By Rod McGarvie - posted Thursday, 31 March 2016

With the recent Sudanese gang violence in Melbourne there is yet another clear indication that our immigration system needs a comprehensive review and resetting of priorities. There is an obligation to be proactively addressing the current challenges, cleaning up the unintended consequences of past decisions, while also building a robust future focused immigration system.

A serious rethink and a genuine national conversation regarding our approach to the refugee intake is long overdue. Putting aside our personal position on how many refugees Australia should accept in any given year, is it possible to look at the underlying principles that lead to success or failure?

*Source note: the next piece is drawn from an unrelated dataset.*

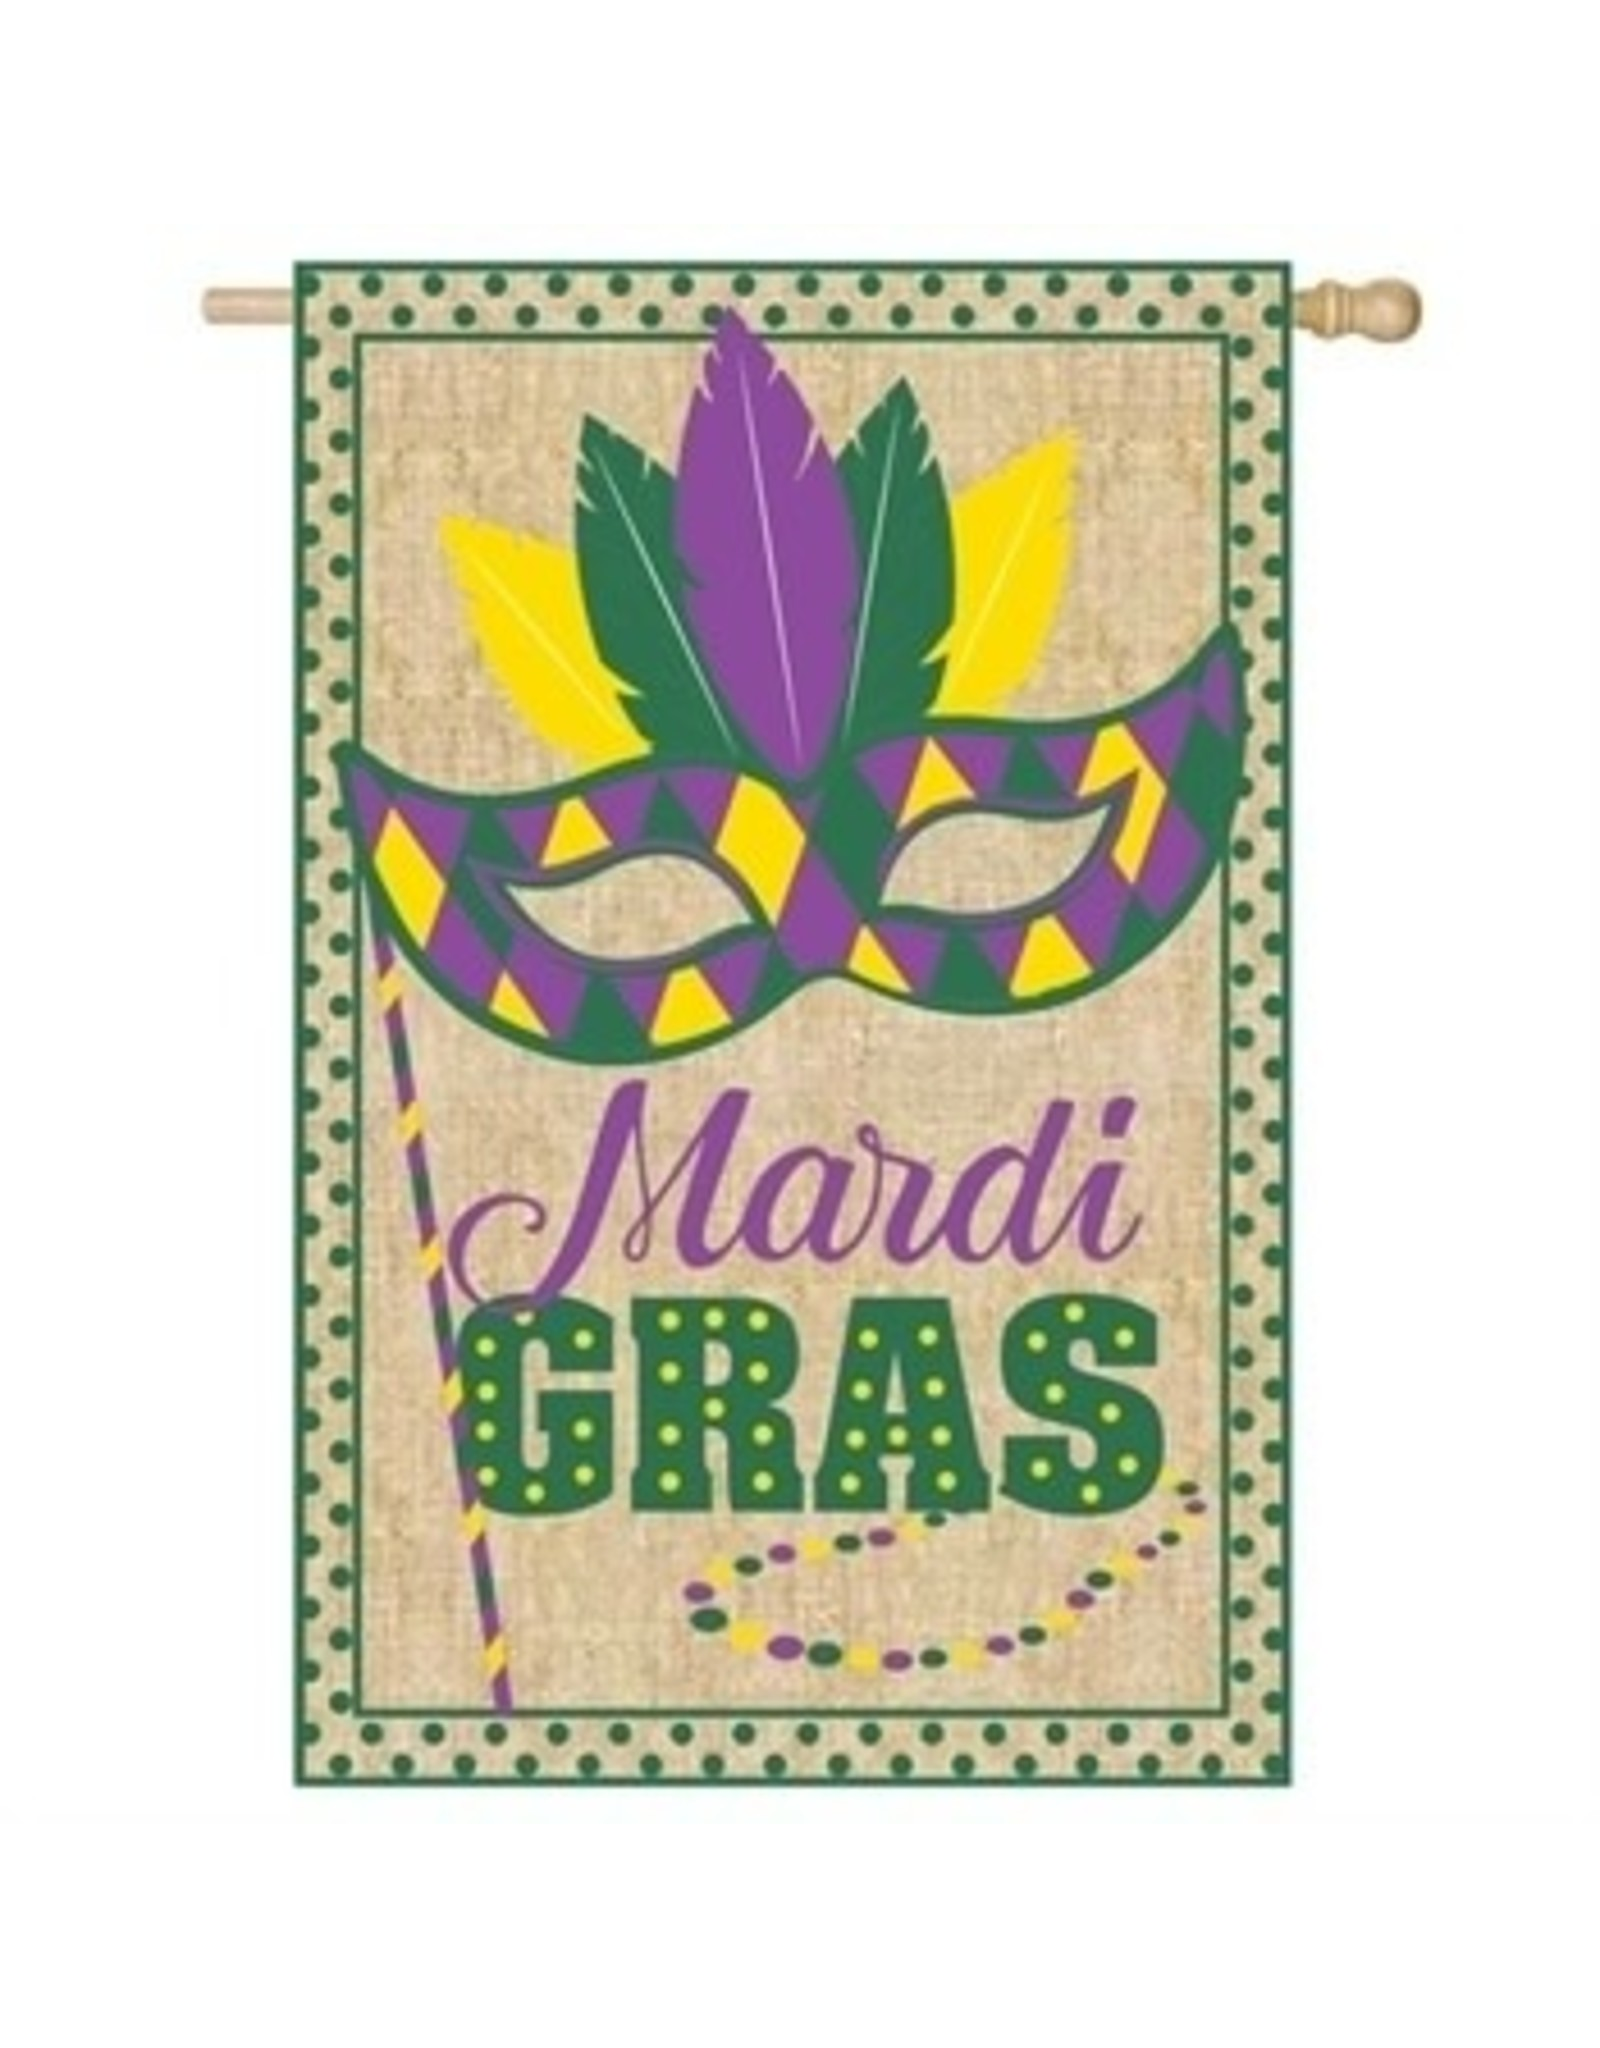 Evergreen Enterprises Mardi Gras House Burlap Flag
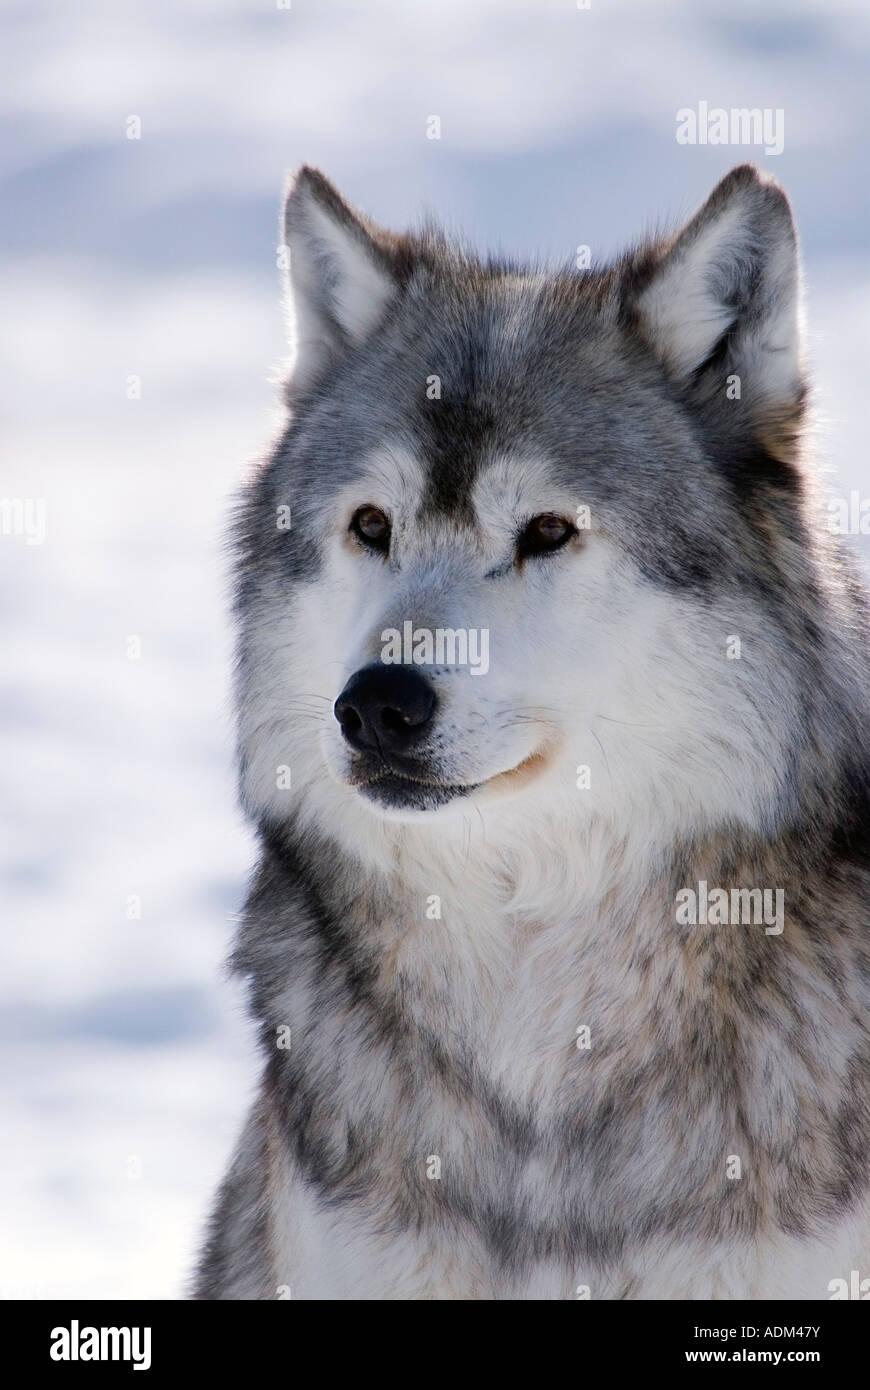 Captive Gray Wolf winter portrait - Stock Image

Failure in any one part of our immigration policy has a negative knock on effect to the public's attitude to immigration more generally, as was seen very clearly when successive Labor governments failed to stop the boats.


Most would support the notion that if a refugee cannot return to their own country owing to a well-founded fear of being persecuted, then there should be an opportunity to find a country where they could live in relative peace and security, able to carve out an alternative future.

However, the more alien the new location is, the more stressful and challenging that transition will be. The following country based factors would assist a refugee to settle more successfully:

  • The national language is the same or similar
  • Cultural values and social norms are similar
  • Easy access to food consistent with their dietary norms
  • Religious rituals and practises are similar
  • There is access to employment that is consistent with their education and skill set
  • Close to their homeland to facilitate visits to any property or extended family/clan when the security risk is low

With none of these factors in place the task to integrate is overwhelming. If the refugee vetting system is setting some groups of refugees up for likely failure, then that would be very misplaced compassion.

The Australian taxpayer should reasonably expect that a refugee choosing to resettle in Australia would whole heartedly commit to the following;

  • Learn written and spoken English to a high standard
  • Work diligently to integrate successfully into the Australian way of life
  • Do everything in their power to find work and be active within the community
  • Seek to understand the laws and traditions of the nation and fully uphold them
  • Totally reject the grievances and violence of the country they left
  • Treat women with the greatest respect, considering them as equals

Key performance indicators should be developed to ensure refugees have successfully achieved these public expectation targets before they are able to gain citizenship.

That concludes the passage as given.